▸ WHAT THE TASK ASKS
Every record must be copied exactly. Leave nothing out.

Saved entries
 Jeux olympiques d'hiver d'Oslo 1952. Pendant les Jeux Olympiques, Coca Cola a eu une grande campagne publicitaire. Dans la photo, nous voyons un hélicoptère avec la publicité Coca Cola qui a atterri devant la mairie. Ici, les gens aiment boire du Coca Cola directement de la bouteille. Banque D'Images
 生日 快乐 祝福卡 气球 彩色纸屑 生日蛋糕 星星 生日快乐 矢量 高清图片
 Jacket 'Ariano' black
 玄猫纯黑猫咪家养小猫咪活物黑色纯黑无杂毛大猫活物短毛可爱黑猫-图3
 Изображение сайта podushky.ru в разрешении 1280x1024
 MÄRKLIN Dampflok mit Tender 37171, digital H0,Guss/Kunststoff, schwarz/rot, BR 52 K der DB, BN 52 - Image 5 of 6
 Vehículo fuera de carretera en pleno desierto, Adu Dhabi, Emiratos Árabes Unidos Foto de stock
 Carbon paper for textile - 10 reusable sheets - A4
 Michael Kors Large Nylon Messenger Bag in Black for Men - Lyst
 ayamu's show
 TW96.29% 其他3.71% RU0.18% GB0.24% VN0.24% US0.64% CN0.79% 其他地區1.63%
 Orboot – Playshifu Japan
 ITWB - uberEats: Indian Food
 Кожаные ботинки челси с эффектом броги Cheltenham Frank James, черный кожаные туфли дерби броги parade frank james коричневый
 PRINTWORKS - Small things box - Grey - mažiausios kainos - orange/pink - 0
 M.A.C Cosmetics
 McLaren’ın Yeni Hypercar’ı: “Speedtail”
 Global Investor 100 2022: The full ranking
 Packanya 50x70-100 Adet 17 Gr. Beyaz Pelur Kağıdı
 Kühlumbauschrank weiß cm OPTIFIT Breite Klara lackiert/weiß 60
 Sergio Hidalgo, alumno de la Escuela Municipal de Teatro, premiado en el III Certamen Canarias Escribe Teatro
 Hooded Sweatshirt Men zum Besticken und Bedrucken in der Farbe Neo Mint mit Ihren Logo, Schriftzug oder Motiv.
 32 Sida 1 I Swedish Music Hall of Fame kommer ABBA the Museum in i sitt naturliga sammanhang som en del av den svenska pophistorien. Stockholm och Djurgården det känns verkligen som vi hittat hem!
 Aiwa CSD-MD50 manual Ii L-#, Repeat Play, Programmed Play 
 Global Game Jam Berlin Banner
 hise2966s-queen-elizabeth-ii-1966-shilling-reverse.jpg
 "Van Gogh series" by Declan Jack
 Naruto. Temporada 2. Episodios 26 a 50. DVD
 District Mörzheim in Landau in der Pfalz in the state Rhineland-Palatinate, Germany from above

▸ WRITTEN REPLY
 Jeux olympiques d'hiver d'Oslo 1952. Pendant les Jeux Olympiques, Coca Cola a eu une grande campagne publicitaire. Dans la photo, nous voyons un hélicoptère avec la publicité Coca Cola qui a atterri devant la mairie. Ici, les gens aiment boire du Coca Cola directement de la bouteille. Banque D'Images
 生日 快乐 祝福卡 气球 彩色纸屑 生日蛋糕 星星 生日快乐 矢量 高清图片
 Jacket 'Ariano' black
 玄猫纯黑猫咪家养小猫咪活物黑色纯黑无杂毛大猫活物短毛可爱黑猫-图3
 Изображение сайта podushky.ru в разрешении 1280x1024
 MÄRKLIN Dampflok mit Tender 37171, digital H0,Guss/Kunststoff, schwarz/rot, BR 52 K der DB, BN 52 - Image 5 of 6
 Vehículo fuera de carretera en pleno desierto, Adu Dhabi, Emiratos Árabes Unidos Foto de stock
 Carbon paper for textile - 10 reusable sheets - A4
 Michael Kors Large Nylon Messenger Bag in Black for Men - Lyst
 ayamu's show
 TW96.29% 其他3.71% RU0.18% GB0.24% VN0.24% US0.64% CN0.79% 其他地區1.63%
 Orboot – Playshifu Japan
 ITWB - uberEats: Indian Food
 Кожаные ботинки челси с эффектом броги Cheltenham Frank James, черный кожаные туфли дерби броги parade frank james коричневый
 PRINTWORKS - Small things box - Grey - mažiausios kainos - orange/pink - 0
 M.A.C Cosmetics
 McLaren’ın Yeni Hypercar’ı: “Speedtail”
 Global Investor 100 2022: The full ranking
 Packanya 50x70-100 Adet 17 Gr. Beyaz Pelur Kağıdı
 Kühlumbauschrank weiß cm OPTIFIT Breite Klara lackiert/weiß 60
 Sergio Hidalgo, alumno de la Escuela Municipal de Teatro, premiado en el III Certamen Canarias Escribe Teatro
 Hooded Sweatshirt Men zum Besticken und Bedrucken in der Farbe Neo Mint mit Ihren Logo, Schriftzug oder Motiv.
 32 Sida 1 I Swedish Music Hall of Fame kommer ABBA the Museum in i sitt naturliga sammanhang som en del av den svenska pophistorien. Stockholm och Djurgården det känns verkligen som vi hittat hem!
 Aiwa CSD-MD50 manual Ii L-#, Repeat Play, Programmed Play 
 Global Game Jam Berlin Banner
 hise2966s-queen-elizabeth-ii-1966-shilling-reverse.jpg
 "Van Gogh series" by Declan Jack
 Naruto. Temporada 2. Episodios 26 a 50. DVD
 District Mörzheim in Landau in der Pfalz in the state Rhineland-Palatinate, Germany from above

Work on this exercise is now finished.